Value Every Life!

The All-wise God Owns All

This Psalm, from David, highlights in a strikingly brilliant way the omnipresence, omnipotence, and omniscience, and omnisapience of God. Also, reflecting a deep understanding of the specific power and purpose manifest in the beginning and development of every human being, David explores the value of human life derived from the immediacy of its relation to God, initially as created in his image and subsequently as superintended by his hovering immanence.

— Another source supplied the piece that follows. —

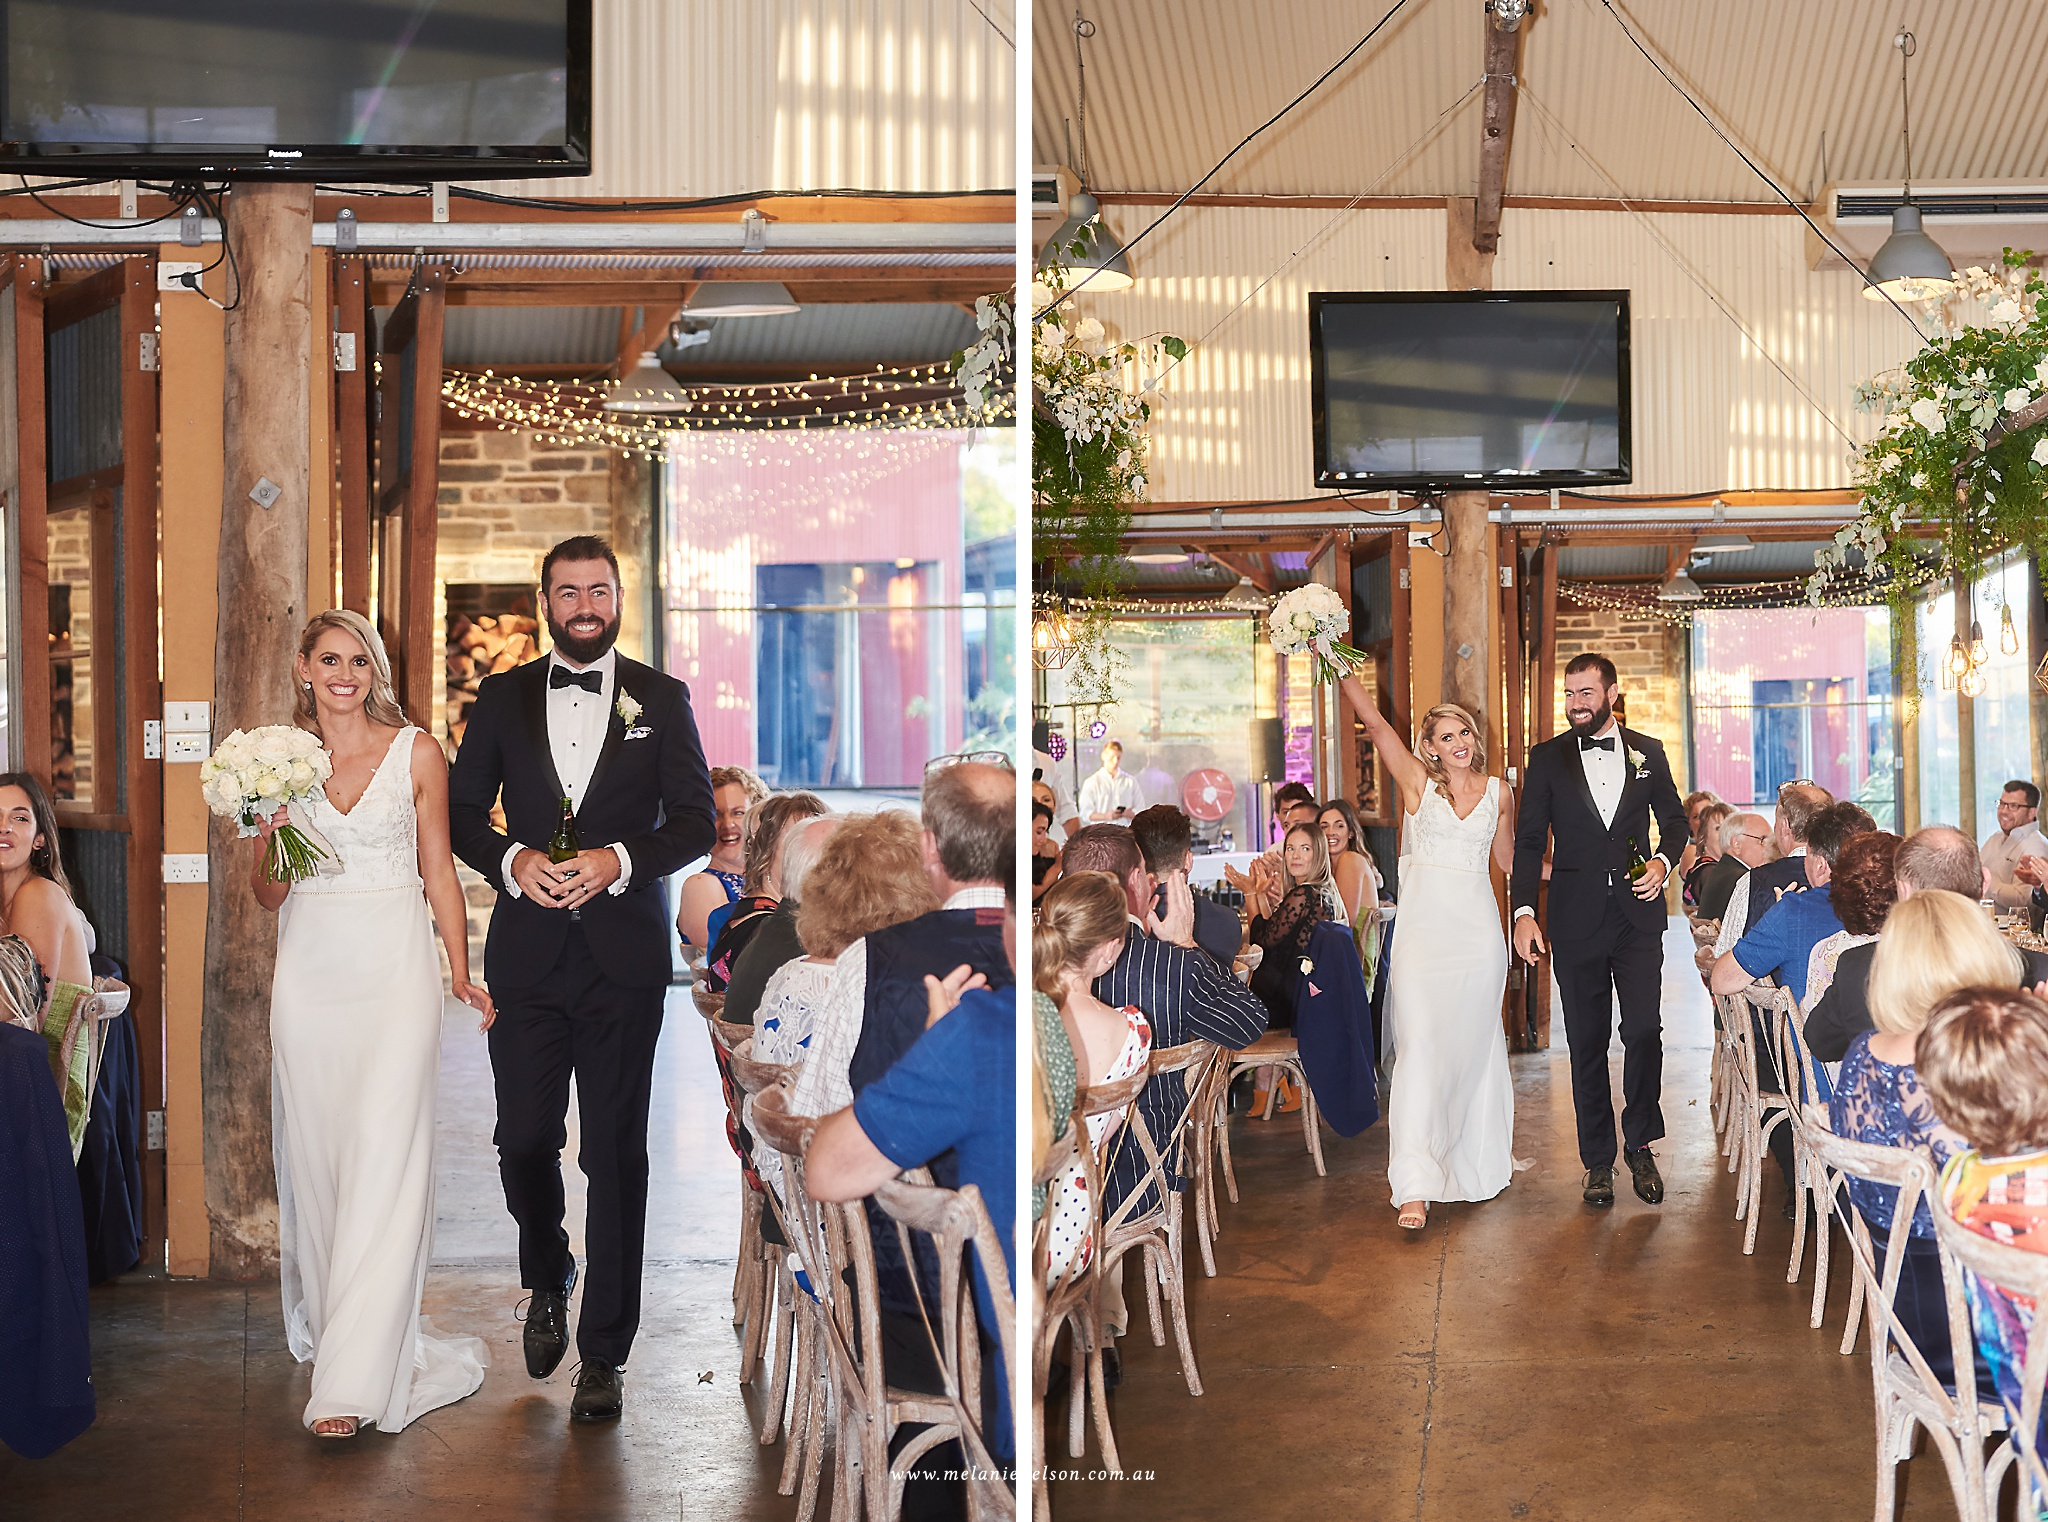 longview_vineyard_wedding_0088.jpg

I. David begins by recounting the ways in which his awareness tells him that it is impossible to be removed from the presence and necessary sustaining power of God.. Verses 1-12. These two sections explore the doctrines that we call omniscience, and omnipresence

A. Verses 1-6 – Can any action be taken without God’s thorough knowledge of it? David illustrates in a movingly poetic way that God’s knowledge is absolute and perfect. The images are couched within the framework of experimentation, investigation, examination, contemplation—all of them tools of empirical science—but they are pressed into exhaustive knowledge to show that the knowledge God has is natural and immanent, not acquired.

1. Verse 1 – Like a detective or an officer of the state that must know everything possible about a certain person, God is pictured as one that searches and his search turns up all that can be known. The word carries the power of an intimate examination. “Searched . . . and known.” On the one hand, this should help set parameters around us of godly fear, for nothing we do or think escapes the observation and thorough knowledge of God. It all will be before his mind in the day of judgment. At the same time, this God—infinite, eternal, and unchangeable—applies his perfect knowledge in a way that gives comfort and assurance to his children. He is no god of the Deist that sets the world in motion and then lets things spin out on their own course, but he is invested in all his being with every bit of his creation, and in a peculiarly intimate way with the people of his choice.

2. Verse 2 – From God’s knowledge of all things about us a general way, David now contemplates that God knows both our daily actions and also our thoughts. The most casual actions of life, such as sitting down and standing up, God knows and sustains us as we do these things. The thoughts of deep contemplation and meditation as well as the most rapid and furtive mental observations that go through our minds almost undetected even by us, God knows. Though he is distant from mere creatures in the infinity of his wonderful being, yet even from such distance he discerns, knows with perfection, all these thoughts.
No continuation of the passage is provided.